Opinión

Encuentros con Jesús Terán (3) / Tlacuilo

La idea de difundir una bibliografía útil para conocer la vida y la obra de Jesús Terán surgió de la propia necesidad de los integrantes del grupo Amigos de Jesús Terán manifestada por nuestro compañero el Ing. Alberto Escobar Medina, ante la necesidad de contar con material que nos permita conocer la verdadera magnitud de la obra realizada por Jesús Terán tanto como gobernante de nuestra entidad; como legislador (1850-1853); como secretario de Estado; y sobre todo por el resultado de la misión confidencial que le encomendó Benito Juárez en Europa para consolidar la soberanía de nuestra Nación, misión que cumplió de manera insuperable a costa no sólo de su propio peculio -sabedor de la insolvencia de las arcas del estado-, sino de su propia vida; esa magnitud -repito- fue de una amplitud y profundidad asombrosas para los 45 escasos años que duró su existencia.

Una vez que avanzamos en el contenido de estas obras, nos resulta cada vez más inconcebible que, a estas alturas, la inmensa mayoría de los aguascalentenses ignoren quién fue Jesús Terán.

Se sabe que la comunidad de Calvillito fue erigida en cabecera de un nuevo municipio con el nombre de Jesús Terán en 1877, al igual que el mercado ubicado en 5 de Mayo y Gómez Farías a finales del siglo XIX; que a principios del siglo XX se colocó su busto frente al Instituto de Ciencias, su obra predilecta; que su nombre también lo llevan cuatro escuelas en el Estado, dos callecitas en la ciudad capital y una pequeña colonia.

También sabemos que de los primeros cinco libros dedicados a Jesús Terán entre 1943 a 1966, el primero (de Saldívar en 1943) fue editado gracias a la Secretaría de Relaciones Exteriores; de los otros cuatro: el de Alberto J. Pani (premiado en 1949 por el certamen literario de la Feria de San Marcos); el de Murillo Reveles (1952) y los de Alfredo de Lara Isaacs (1957 y 1966), motivados por el traslado de los restos mortales de Terán de la ciudad de París a la de México por iniciativa del gobernador Games Orozco, ninguno parece haber tenido apoyo del Gobierno del Estado.

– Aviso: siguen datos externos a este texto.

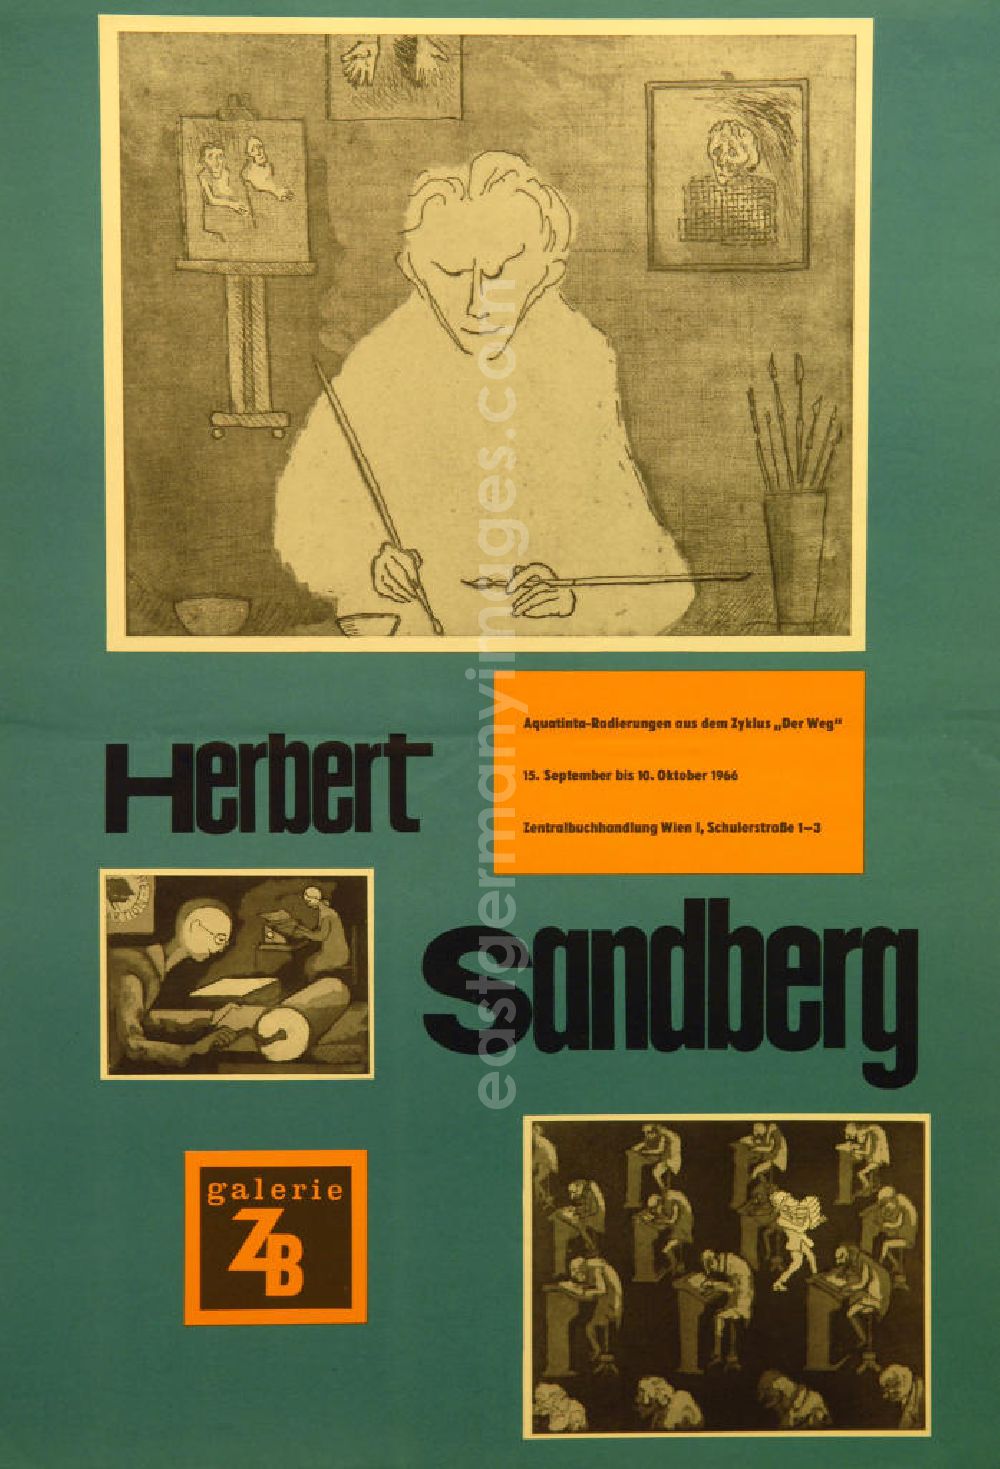 GDR image archive: Berlin - Plakat der Ausstellung Der Weg über Herbert Sandberg vom 15.09.-10.10.1966, 41,

Sólo a partir del gobernador Miguel Ángel Barberena Vega, cuando el Instituto Cultural de Aguascalientes estuvo bajo la dirección de Jesús Gómez Serrano, se inició una etapa editorial gubernamental única en la historia del Estado, en la que aparecieron cuatro libros específicos sobre Jesús Terán: dos de Guadalupe Appendini y el de Arturo Pani en 1991, con motivo del traslado de los restos de Jesús Terán de México a Aguascalientes, y el de Elizabeth Buchanan y Pilar González en 1998.

Aquí quiero referirme a una respuesta que el gobernador Barberena le dio a una pregunta de Guadalupe Appendini durante una entrevista que le concedió en 1991: En estos momentos creo que si se hiciera una encuesta, ya una gran mayoría de los aguascalentenses sabría no solo el nombre de ese prócer de la patria, sino también los grandes trazos de su actividad como mexicano, como político, como diplomático. En esa medida estamos asegurando la permanencia y la vitalidad del legado de don Jesús Terán.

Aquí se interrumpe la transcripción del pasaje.